Joiner with many rows

Cairo · June 15, 2023, 3:37am

Hello darlings!

I wanted to share a recurring problem in Knime, and how you think about solving it. Example: When I do a joiner between two tables with two columns in common, the number of rows increases significantly. A simple duplicate row filter is not ideal for this type of treatment because it eliminates many sensitive rows. I know that a groupby can often be viable, what else do you guys suggest or use in this case?

Thanks!

mlauber71 · June 15, 2023, 3:51am

@Cairo first you might want to investigate why you have so many (unwanted?) duplicate rows. More often than not the question is not one of technology but of concept:

https://hub.knime.com/-/spaces/-/latest/~kyA_KJ2QUUgI7g61/

takbb · June 15, 2023, 8:35am

Hi @Cairo , I would agree with @mlauber71 's comments about duplication in general.

Additionally, there is no “generic” solution to the problem, unless you can tell us what outcome you are expecting.

If I have duplication of “code” in two tables and I want to join on “code” then obviously the duplication is going to multiply up the rows, as the resultant row count is the product of the occurrences of “code” in the two tables. ie If the same “code” appears twice in one table and three times in the other, then the resultant join will be 6 rows ( 2 x 3).

If you don’t want this “multiplication through duplication”, then you have to decide what you need to do to avoid it.

Now it could be that the duplicates are erroneous, in which case you need to correct the data at source, or you need to de-duplicate.

If the duplicates are not erroneous, and there is other data associated with the different rows that you wish to keep, then this suggests that you are missing a crucial additional “key” that would make each row of your data unique (the primary key). Only when joining values that are unique in at least one of the two joining tables can you expect your join not to increase the resultant row count.

So, your choices are generally the following:

de-duplicate or somehow filter your input data to ensure that a “unique” subset of at least one of your tables is presented to the join.
find additional key columns on one of your tables that when combined together will uniquely identify a row ( the “primary key”), and use all of those columns in the join.

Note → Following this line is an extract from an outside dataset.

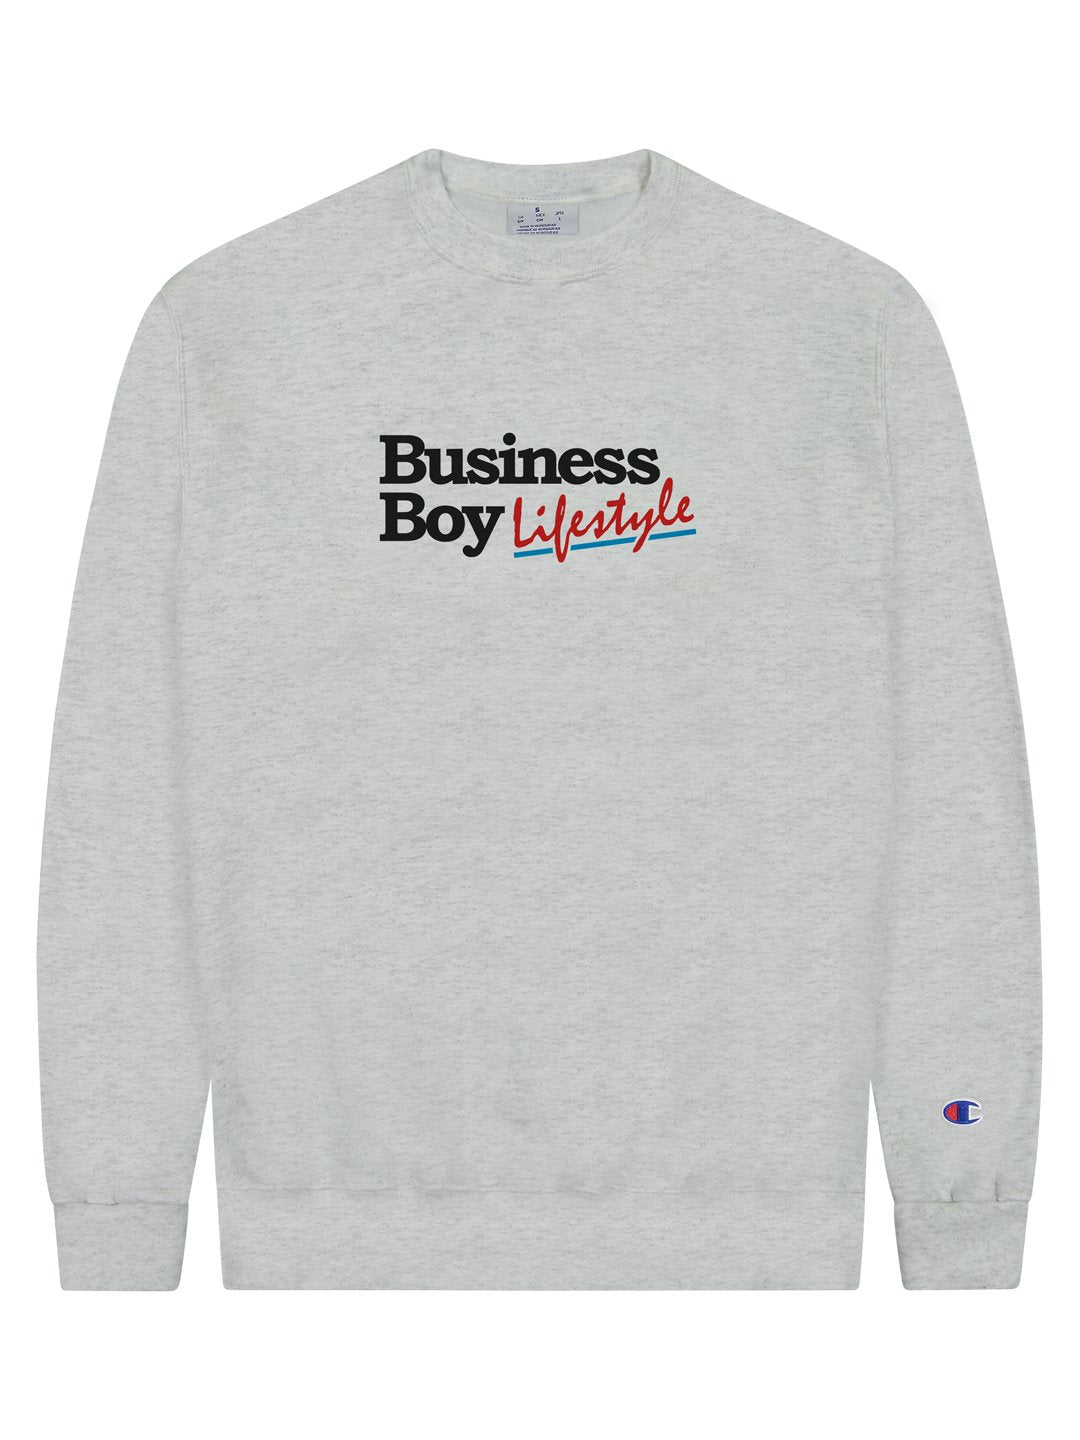 Business Boy Lifestyle Crewneck Sweatshirt Grey-Culk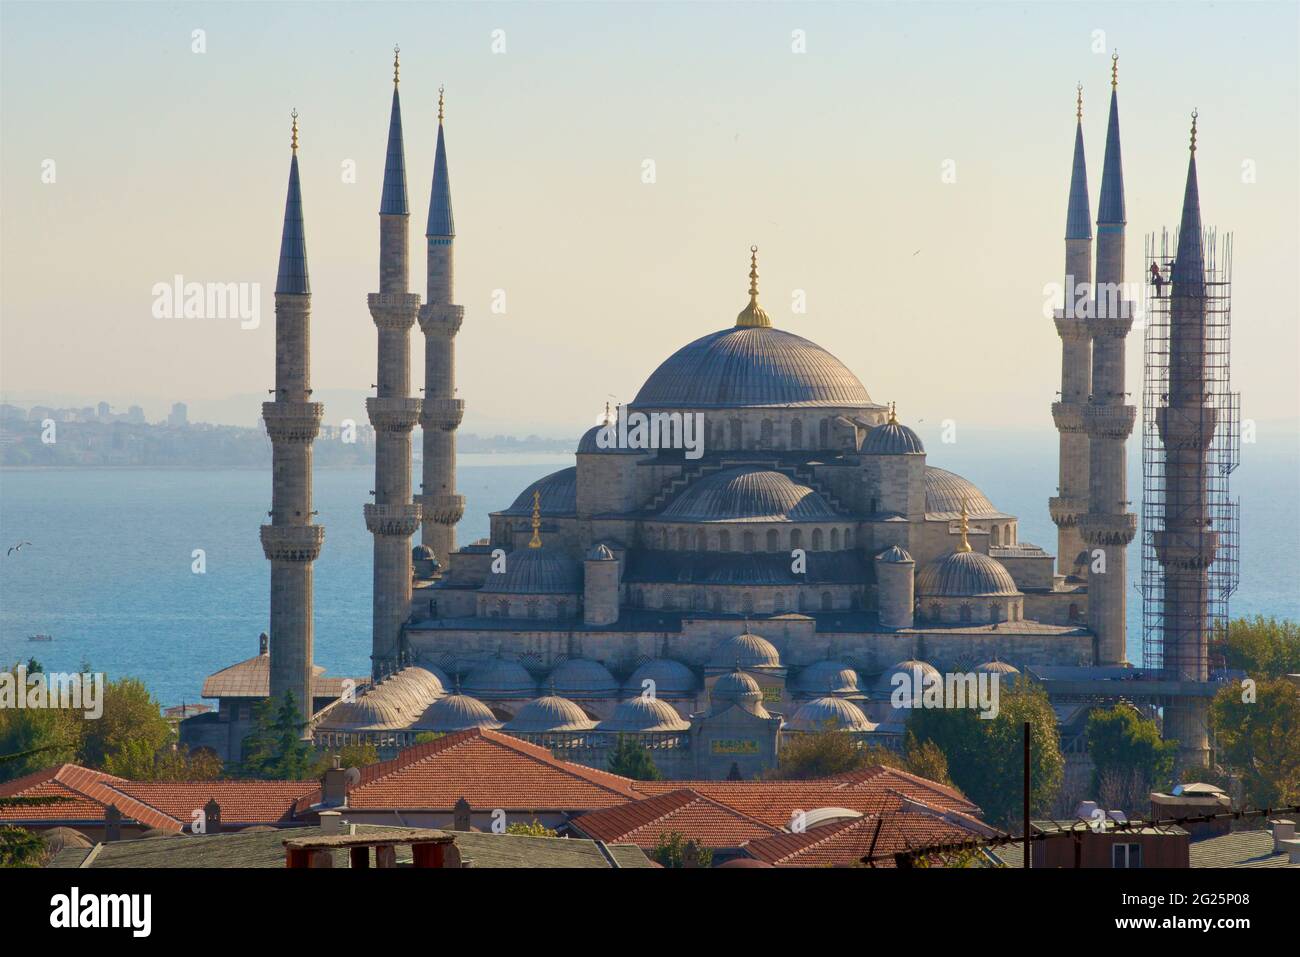 Mosquée Sultan Ahmed (turc : Sultan Ahmet Camii), également connue sous le nom de Mosquée bleue. Une mosquée du vendredi de l'époque ottomane située à Istanbul, en Turquie. Bosphore au-delà Banque D'Images

If one or more of those columns is not present in the other table, then the data in that table is deficient, and you need to take steps to either add the additional “key” columns to the other table, which may mean you have to go back to the source of the data to get it corrected, or else you have to return to option 1.

Ultimately though, as said at the beginning, you need to decide what result you want. KNIME cannot decide that for you. You cannot just say “I don’t want to remove duplicates but I don’t want to see the duplicates either”, which is currently the situation you appear to find yourself in.

Daniel_Weikert · June 15, 2023, 4:49pm

@mlauber71 and @takbb already pointed out the most important things. The only thing I like to add here is besides the Group by node in certain situations a join might not even be required and sorter + column appender can give the result (Please be aware that this highly depends on your use case which I don’t know)
br

Cairo · June 16, 2023, 3:49am

Absolutelly, thanks for all answers, it’s a currently problem but with some possible solutions.

Cairo · June 16, 2023, 3:49am

Great text, Lauber! Thanks for help the community

Cairo · June 16, 2023, 3:54am

I would add that the columns brought in the group are also fundamental for this. Depending on, if you passed something like list and then had to pass the ungroup to pass it to the column, the groupby might have been irrelevant. But, bringing in the right columns can definitely solve this problem.

denisfi · June 16, 2023, 7:05pm

Hi guys,

I saw that this topic was solved, but if I can add a tip or 2… lol

At the join node, you can tell one or more fields… yeap, distinct clauses is great and you can groupby too before… BUT, you can set exactly or any cases, pass 1 or more match fields, use expression… well some interesting solutions that can add some insights too. I thought about a flag to to sign for both tables to control it… well. try, try and try harder to solve some problems… lol again…

Thats is folks,

BR, Denis

system · June 23, 2023, 7:05pm

This topic was automatically closed 7 days after the last reply. New replies are no longer allowed.